ATP released from airway epithelial cells promotes purinergic receptor-regulated mucociliary clearance activities necessary for innate lung defense. Cell swelling-induced membrane stretch/strain is a common stimulus that promotes airway epithelial ATP release, but the mechanisms transducing cell swelling into ATP release are incompletely understood. Using knockdown and knockout approaches, we tested the hypothesis that pannexin 1 mediates ATP release from hypotonically swollen airway epithelia and investigated mechanisms regulating this activity. Well differentiated primary cultures of human bronchial epithelial cells subjected to hypotonic challenge exhibited enhanced ATP release, which was paralleled by the uptake of the pannexin probe propidium iodide. Both responses were reduced by pannexin 1 inhibitors and by knocking down pannexin 1. Importantly, hypotonicity-evoked ATP release from freshly excised tracheas and dye uptake in primary tracheal epithelial cells were impaired in pannexin 1 knockout mice.

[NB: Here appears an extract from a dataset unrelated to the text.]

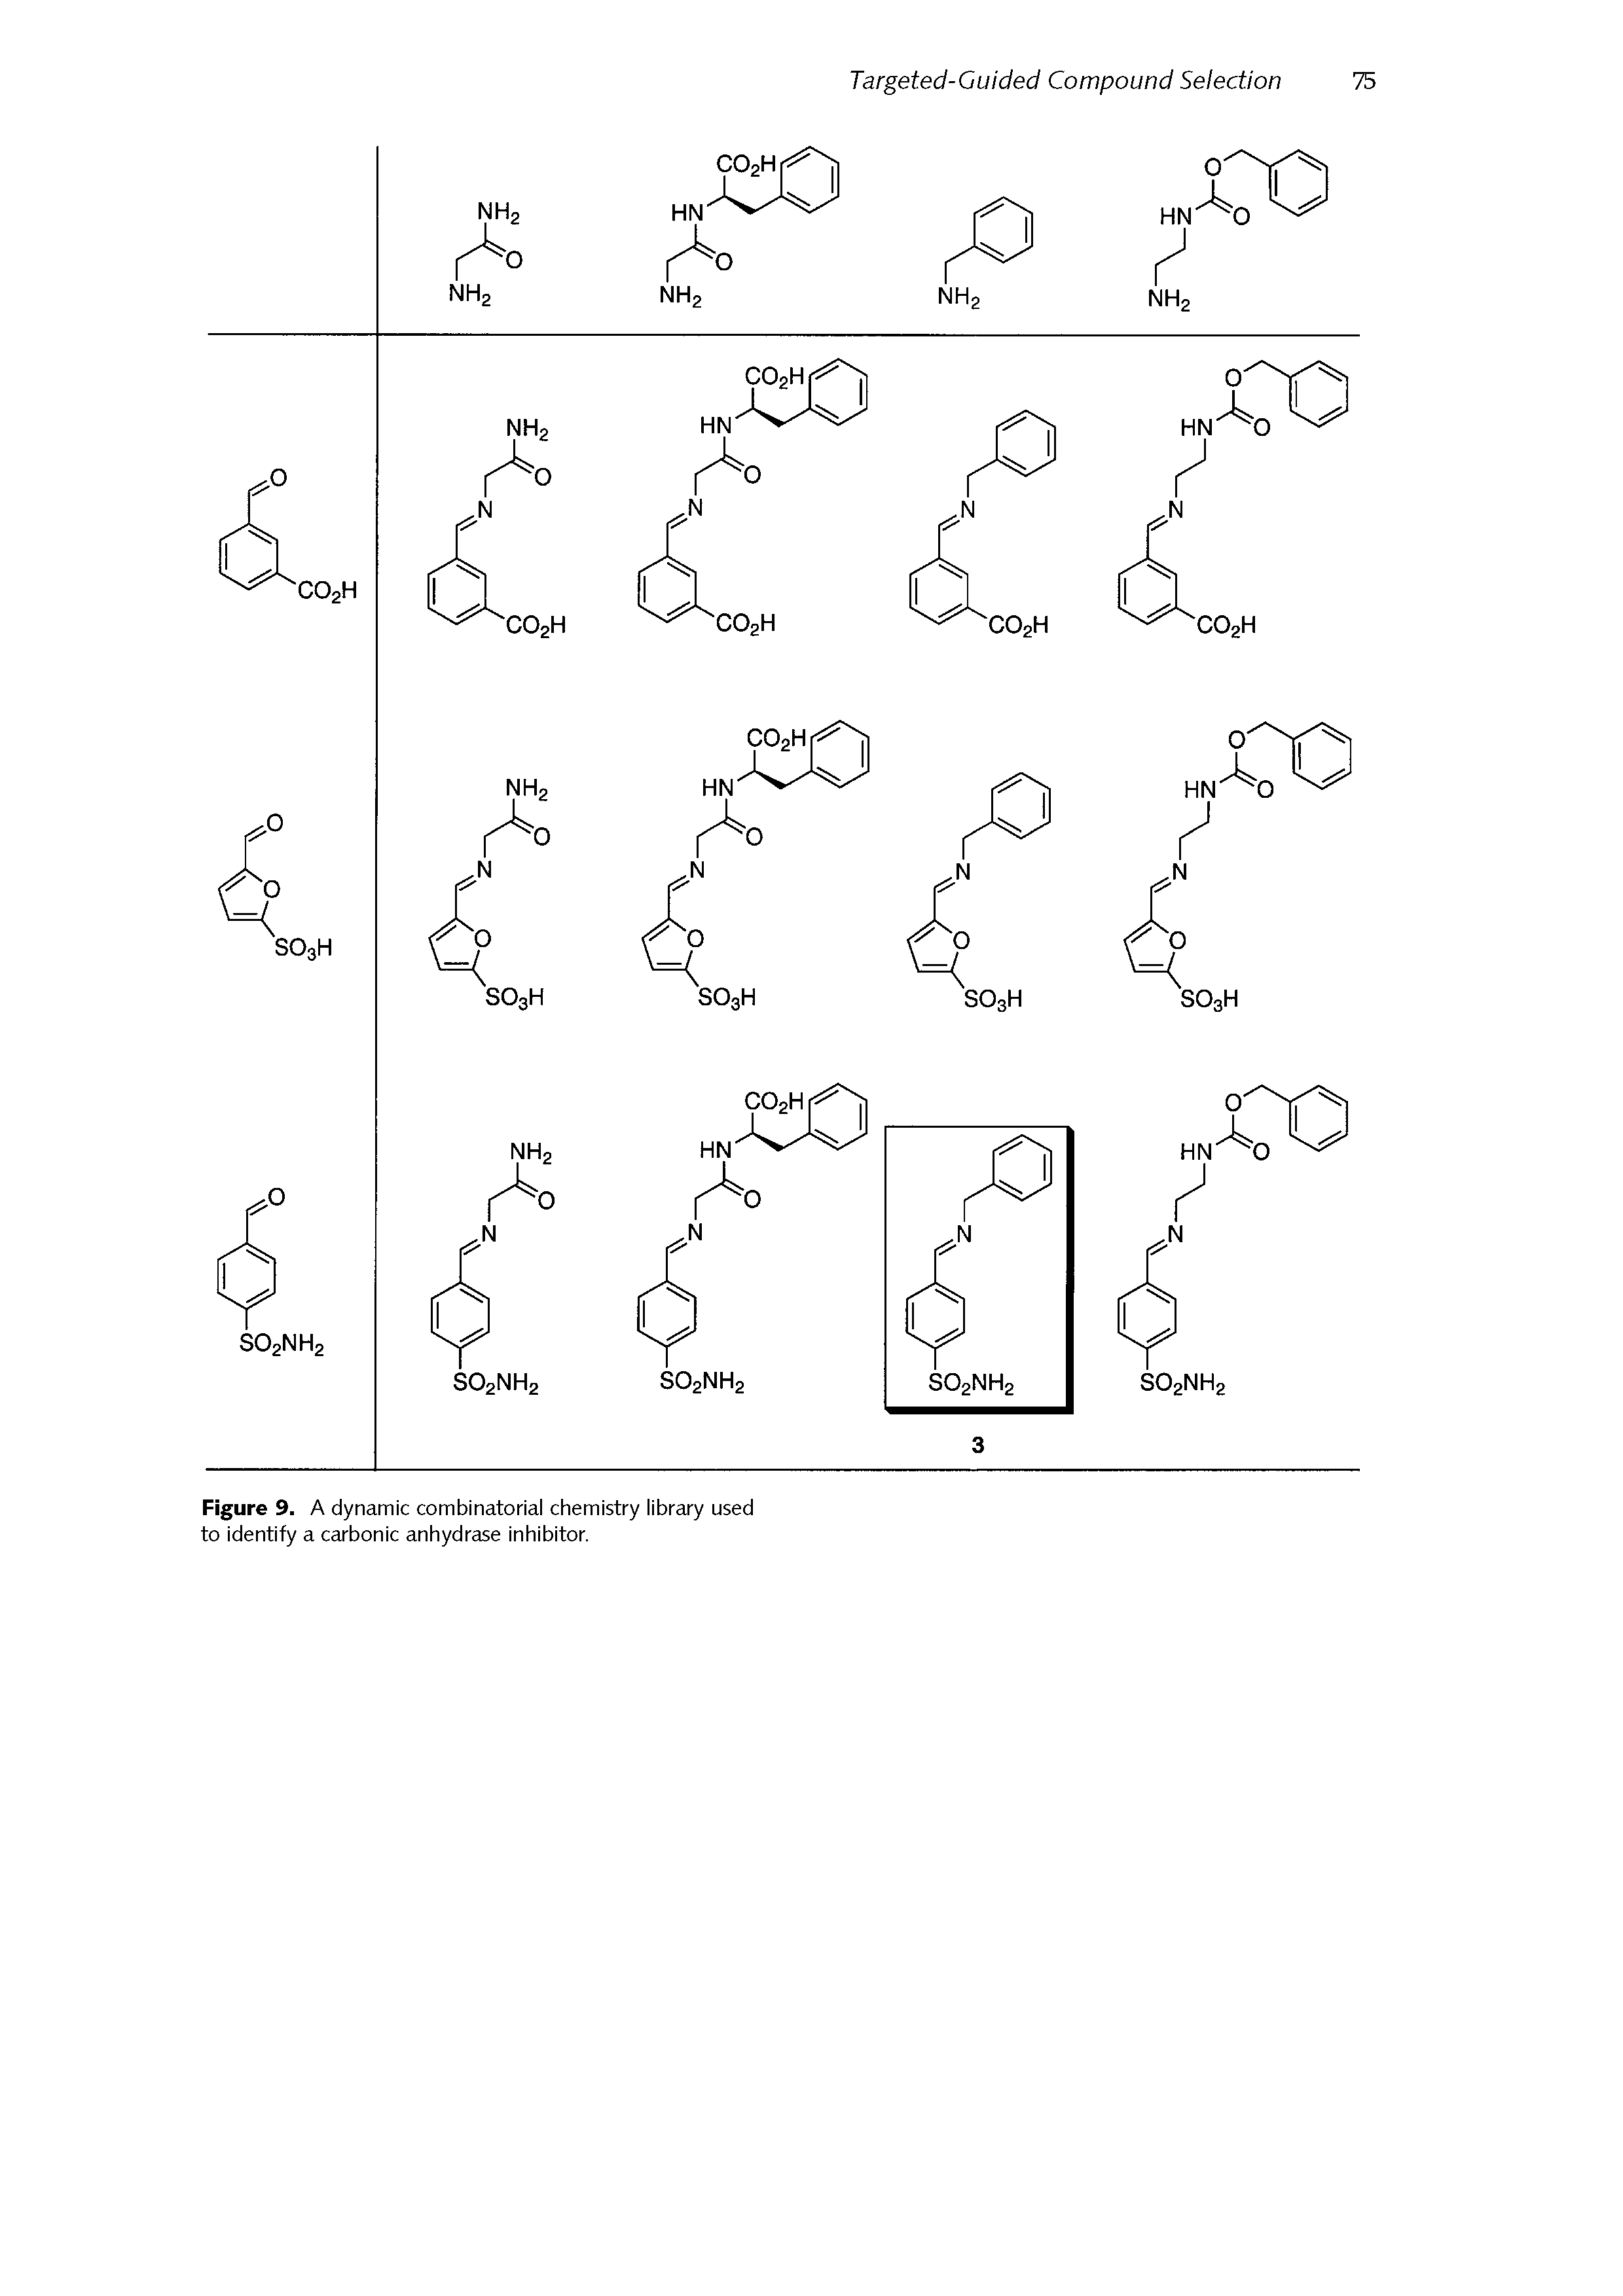 Figure 9. A dynamic combinatorial chemistry library used to identify a carbonic anhydrase inhibitor.

Hypotonicity-promoted ATP release and dye uptake in primary well differentiated human bronchial epithelial cells was accompanied by RhoA activation and myosin light chain phosphorylation and was reduced by the RhoA dominant negative mutant RhoA(T19N) and Rho and myosin light chain kinase inhibitors. ATP release and Rho activation were reduced by highly selective inhibitors of transient receptor potential vanilloid 4 (TRPV4). Lastly, knocking down TRPV4 impaired hypotonicity-evoked airway epithelial ATP release. Our data suggest that TRPV4 and Rho transduce cell membrane stretch/strain into pannexin 1-mediated ATP release in airway epithelia.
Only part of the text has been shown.